DATA SEGMENT:
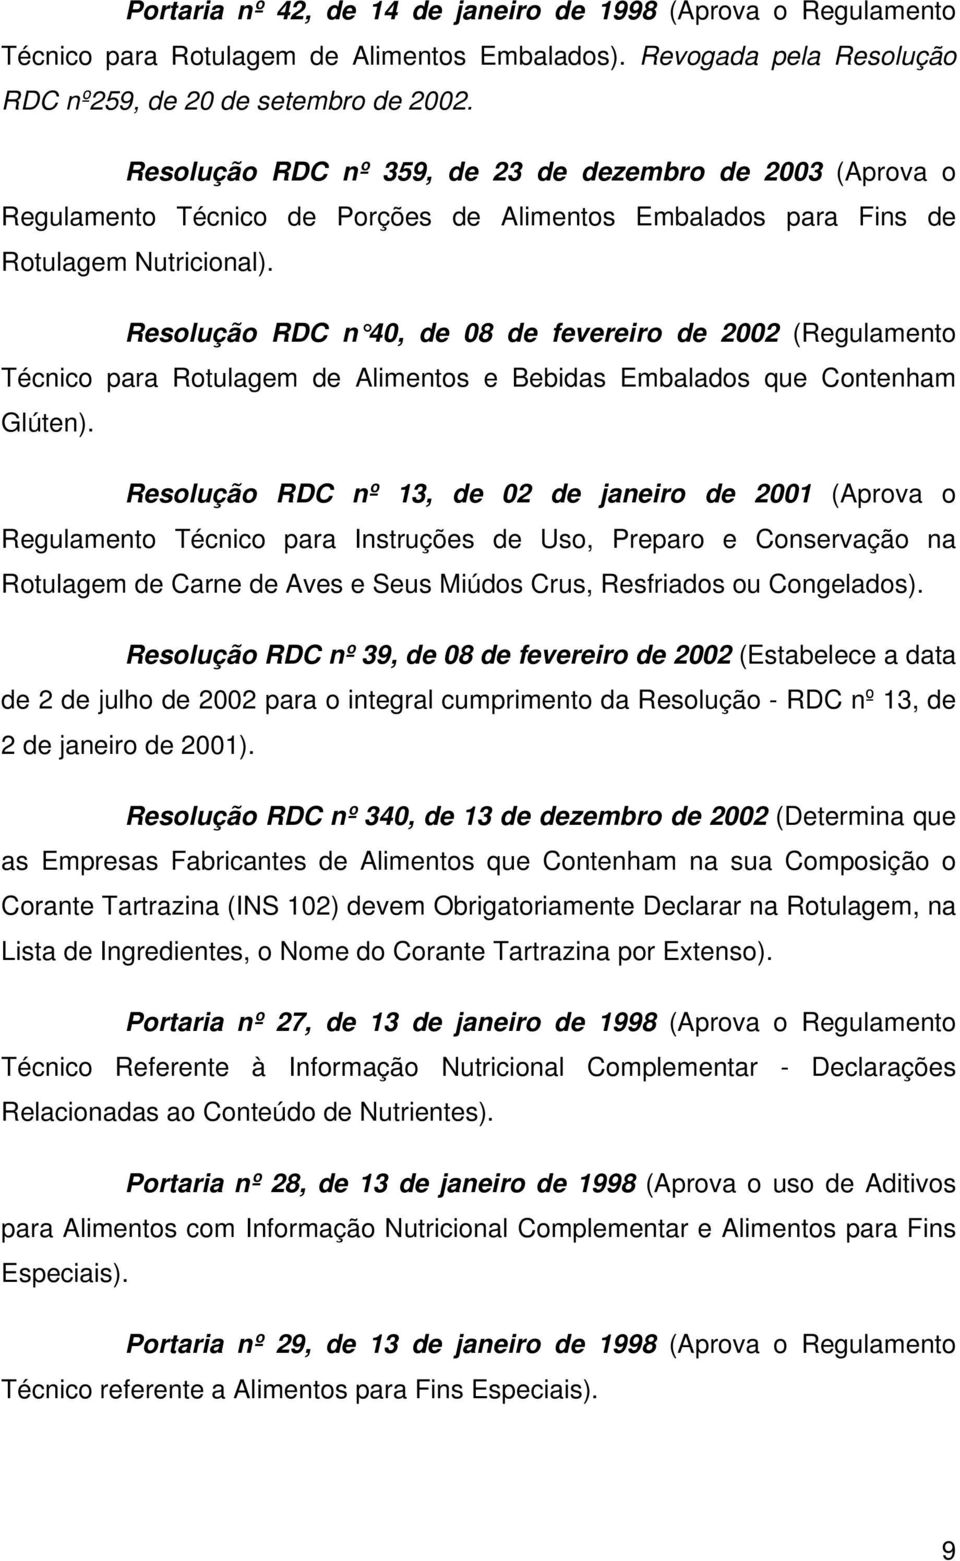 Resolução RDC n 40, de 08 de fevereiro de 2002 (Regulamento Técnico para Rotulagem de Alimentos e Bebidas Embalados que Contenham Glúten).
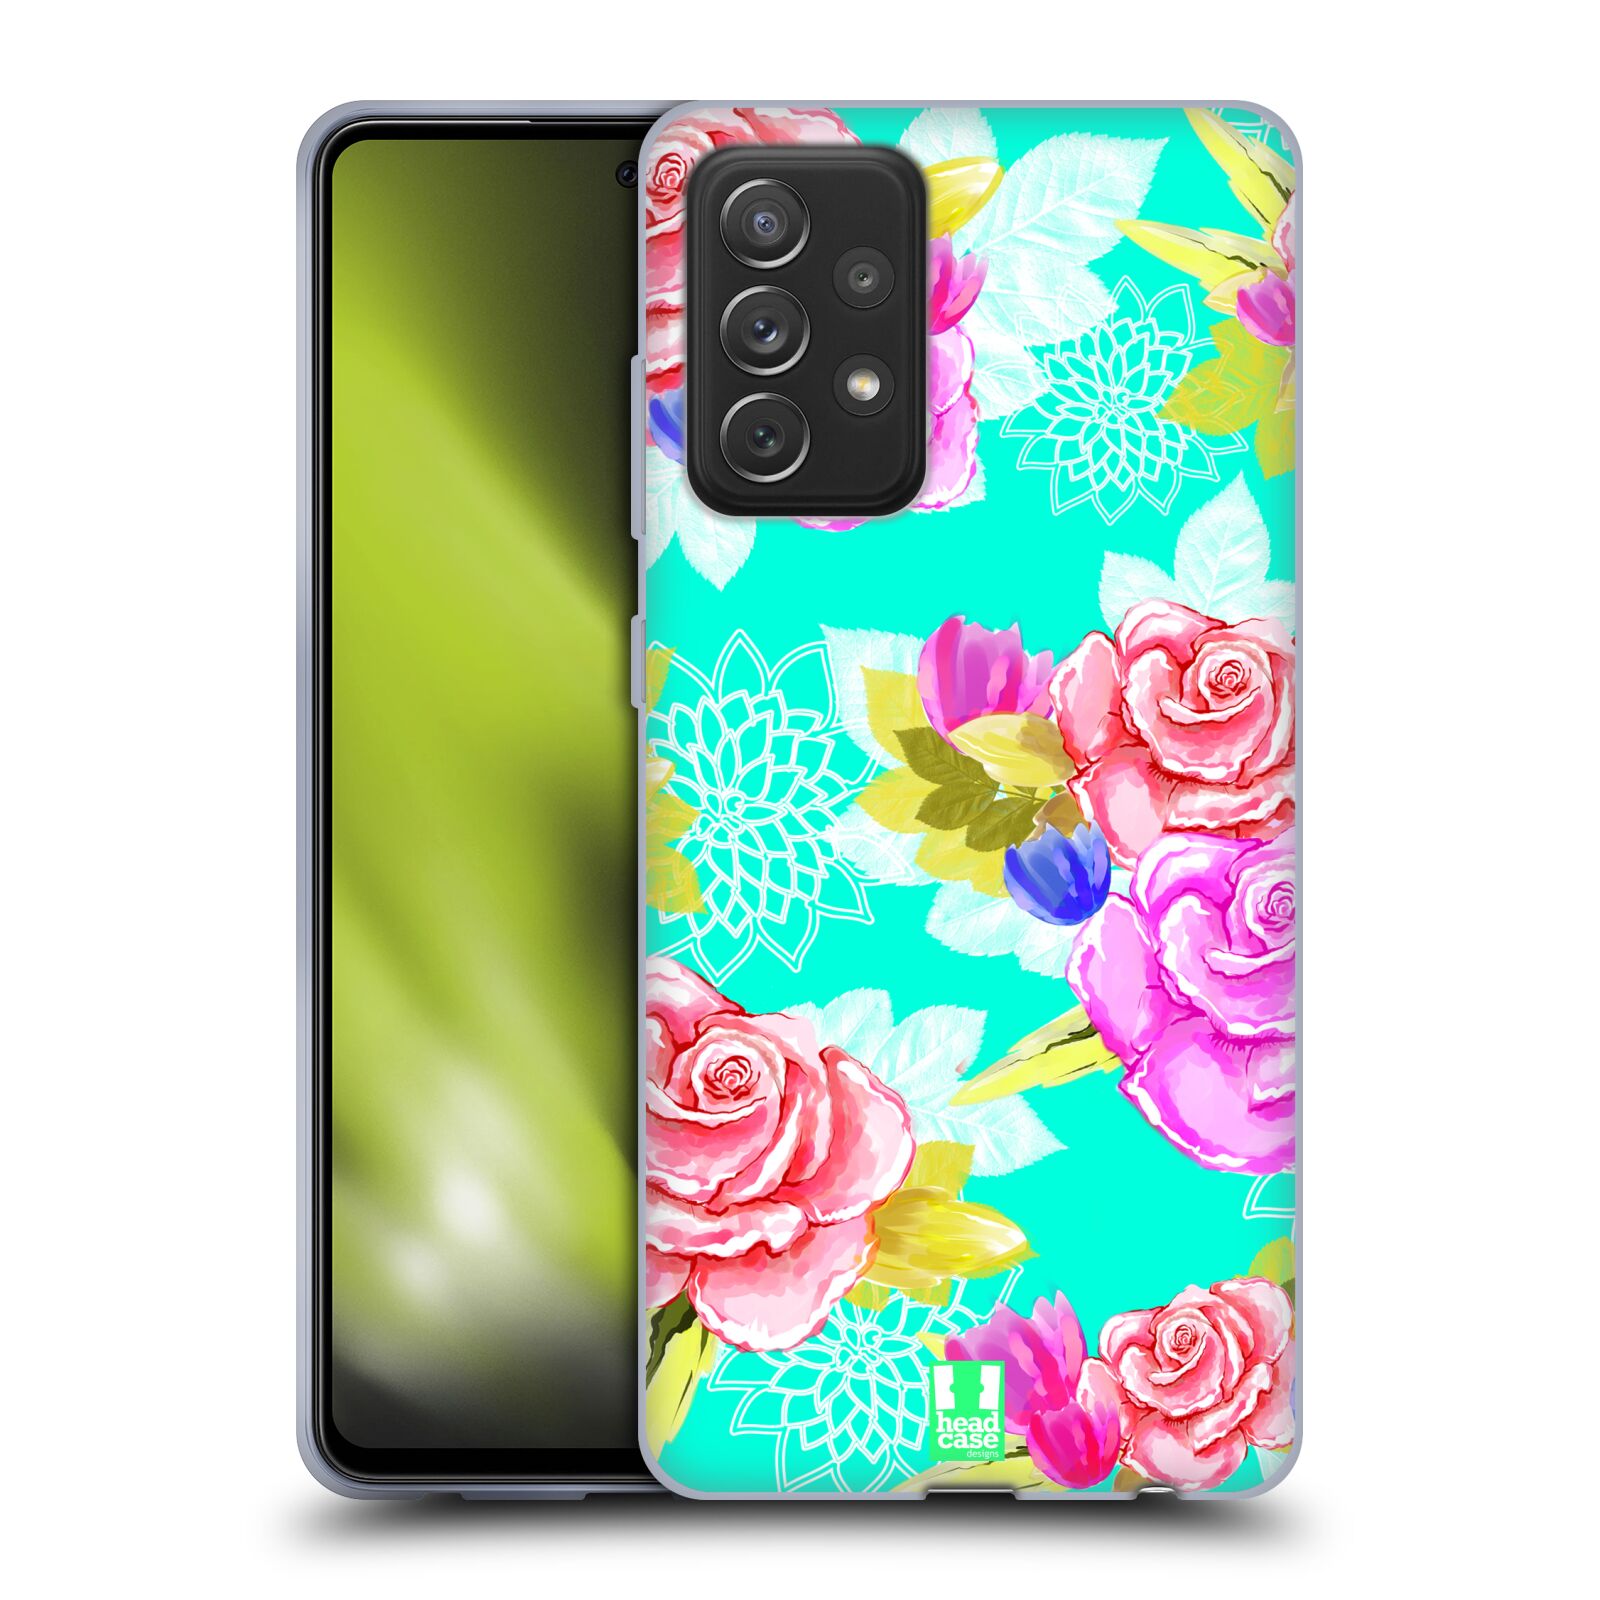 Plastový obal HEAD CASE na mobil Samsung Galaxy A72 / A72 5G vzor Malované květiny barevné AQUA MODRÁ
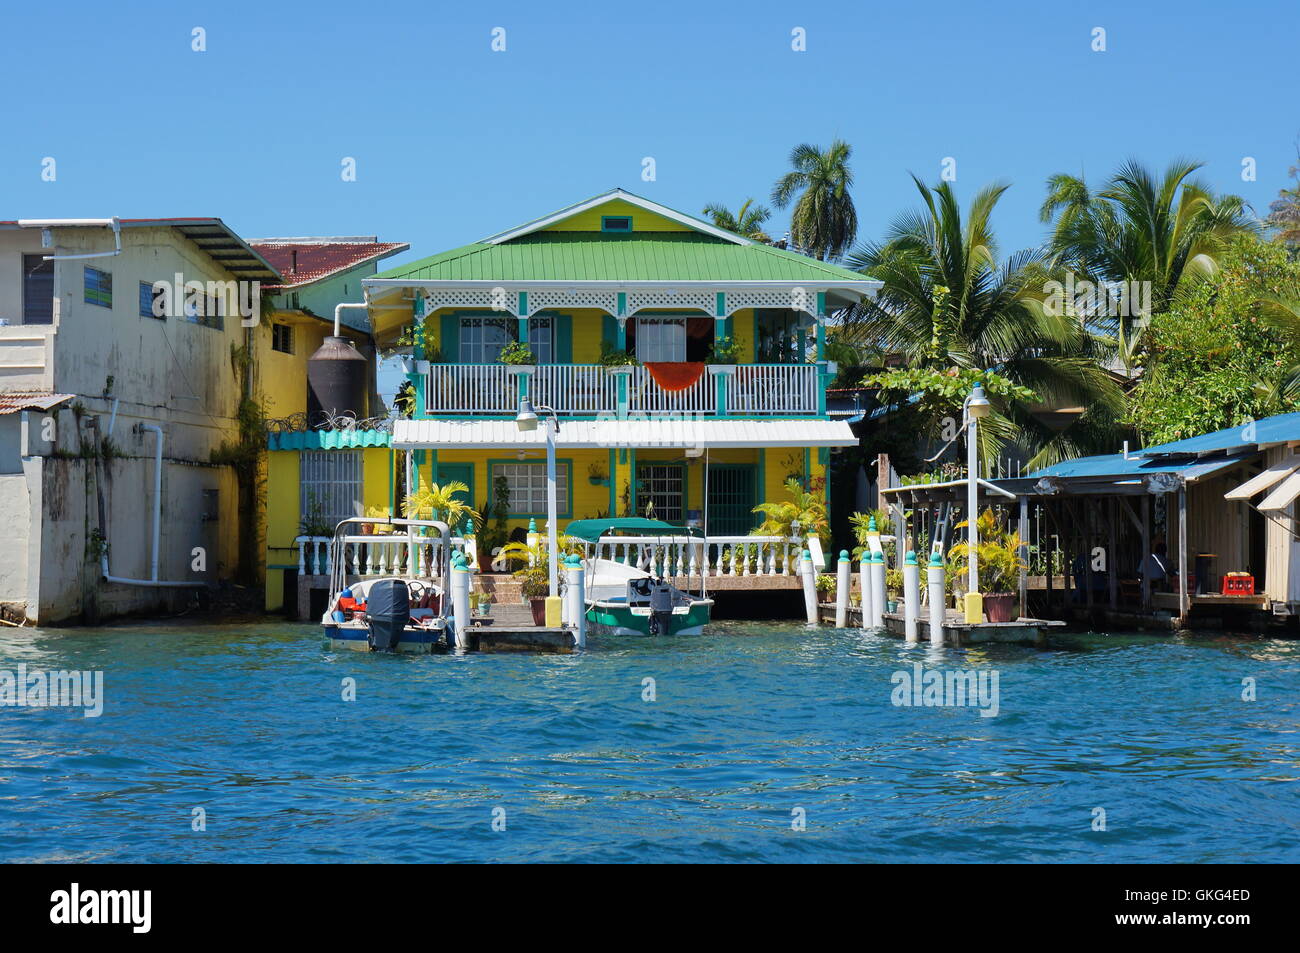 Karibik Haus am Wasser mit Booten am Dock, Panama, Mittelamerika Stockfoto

WORK ORDER: Write out exactly, and only, the lines running from the line with "Plastový obal HEAD" to the last line above, both included, with all pictures omitted.

RESPONSE:
 Plastový obal HEAD CASE na mobil Samsung Galaxy A72 / A72 5G vzor Malované květiny barevné AQUA MODRÁ
 Karibik Haus am Wasser mit Booten am Dock, Panama, Mittelamerika Stockfoto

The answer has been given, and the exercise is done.